Fahim Sawan diz que resultados positivos quanto à gripe suína na cidade se deve ao decreto de emergência

Com sete óbitos confirmados com a Gripe H1N1, secretário de Saúde, Fahim Sawan, diz que ainda não é preciso criar centro de atendimento especializado da doença. O Decreto Emergencial publicado no mês de junho foi fundamental na prevenção da doença, com isso foi possível vacinar grande parte da população e evitar o surgimento de novos casos. 

No dia 17 de junho foi decretada situação de emergência por conta do aumento do número de casos. No começo de julho, Uberaba começou a usar os recursos do decreto. Neste período, Uberaba registrou seis mortes, enquanto que o Estado de Minas Gerais registrou aproximadamente 30. Hoje, já morreram 114 pessoas em Minas e Uberaba manteve-se sob controle e aumentou apenas um óbito. Isso comprova a eficiência do decreto, que proporcionou a da compra de 30 mil doses da vacina, que imunizaram as pessoas a partir do dia 03 de julho.

“No caso da gripe suína medimos números, o Estado avançou nos casos da doença, e não tivemos acréscimos significativos nos últimos meses. A quantidade de casos é semelhante aos que surgiram no mês de maio. Por isso, foi importante essa situação de emergência para que possamos realizar as profilaxias necessárias, inclusive comprando mais vacinas para oferecer à população.
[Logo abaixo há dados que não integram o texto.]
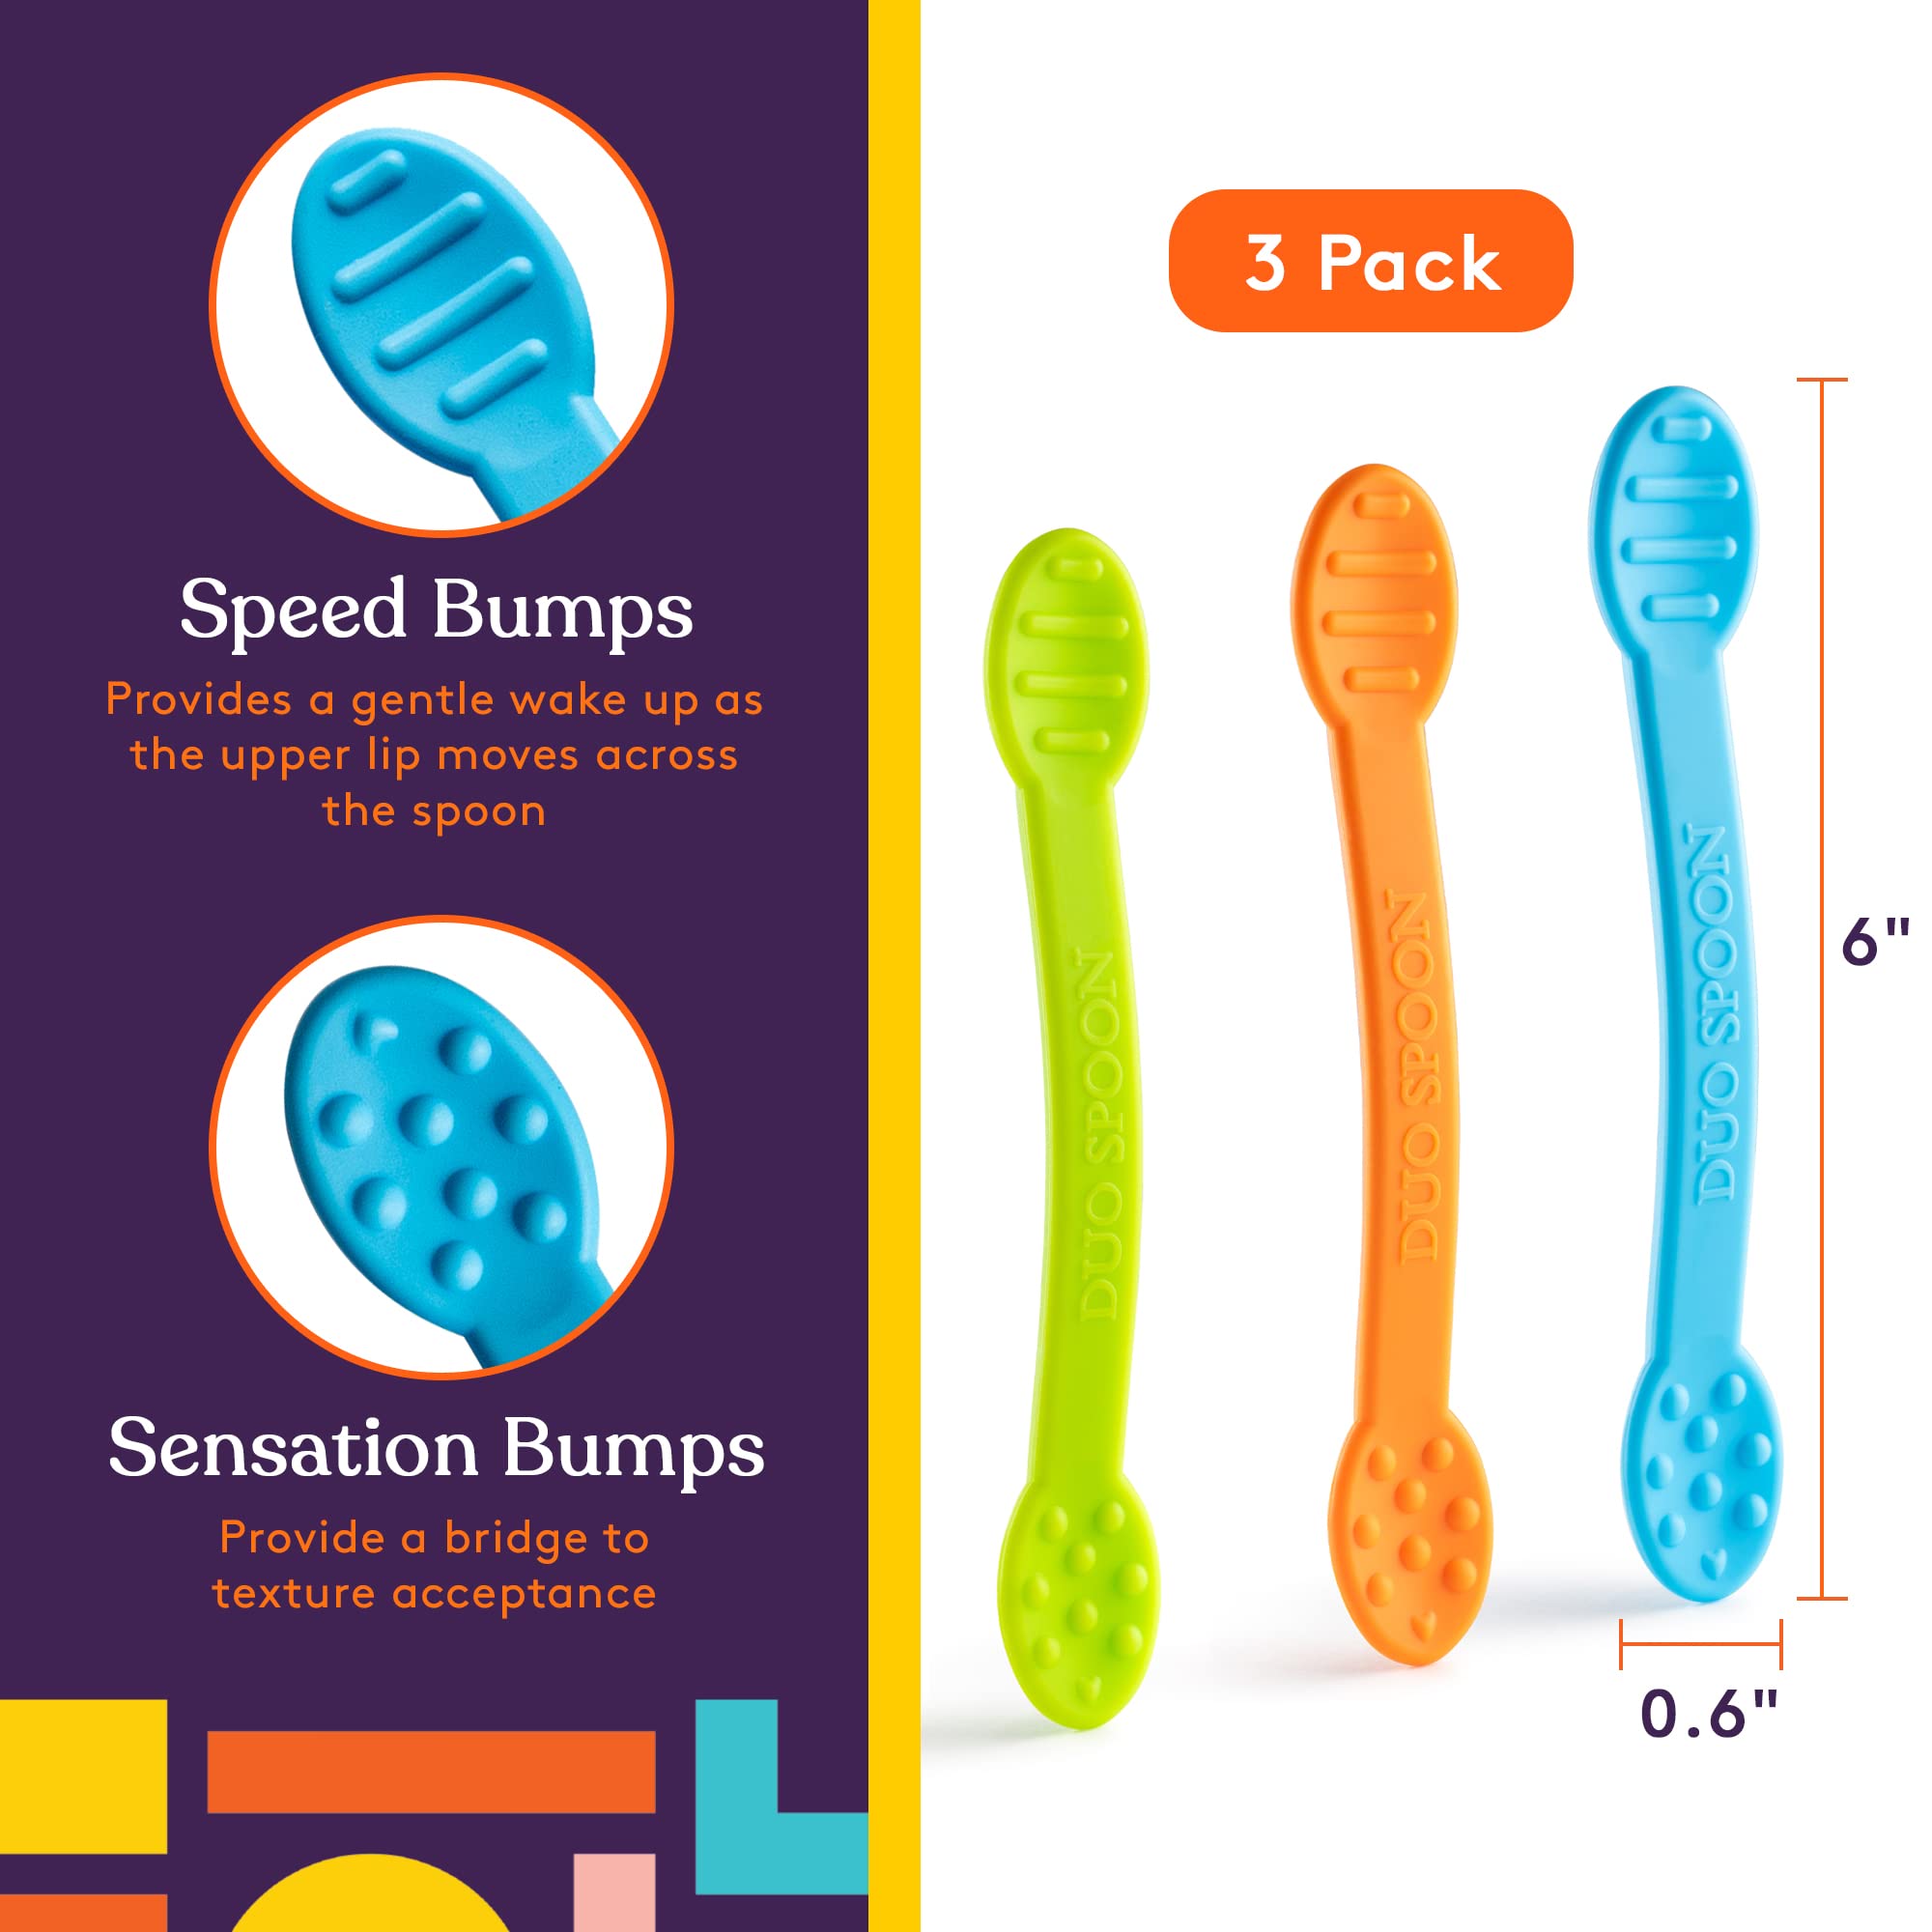 Special Supplies Duo Spoon Oral Motor Therapy Tools, 3 Pack, Textured Stimulation and Sensory Input Treatment for Babies, Toddlers or Kids, BPA Free Silicone with Flexible, Easy Handle

Valeu a pena a prevenção, mas não podemos relaxar, ainda estamos sujeitos a casos da doença, o tempo está frio”, explica Fahim. 

Em Uberaba, 64 pessoas foram internadas desde o começo do ano com suspeita de estarem infectadas com o vírus H1N1. São 16 casos positivos, 43 casos negativos e 4 casos inconclusivos. Dos 16 casos positivos, 7 óbitos e 9 pessoas já tiveram alta e estão em casa.

Em comparação à epidemia de 2009, segundo Fahim, a situação não é tão grave como foi há anos atrás. Em agosto a epidemia atingiu o pico de vários casos. Já esse ano, por conta das vacinas compradas e do decreto emergencial para a prevenção, os casos estão controlados. No mês de julho também houve queda, período em que as pessoas foram vacinadas.

Diante desta situação o secretário acredita que não será preciso criar um centro especializado para a gripe suína, assim como aconteceu com a dengue. “Nesse momento com o grupo de casos que registramos, estabilizados, não temos essa preocupação, não há essa necessidade, por que não tivemos o número crescente de casos”, afirma Fahim.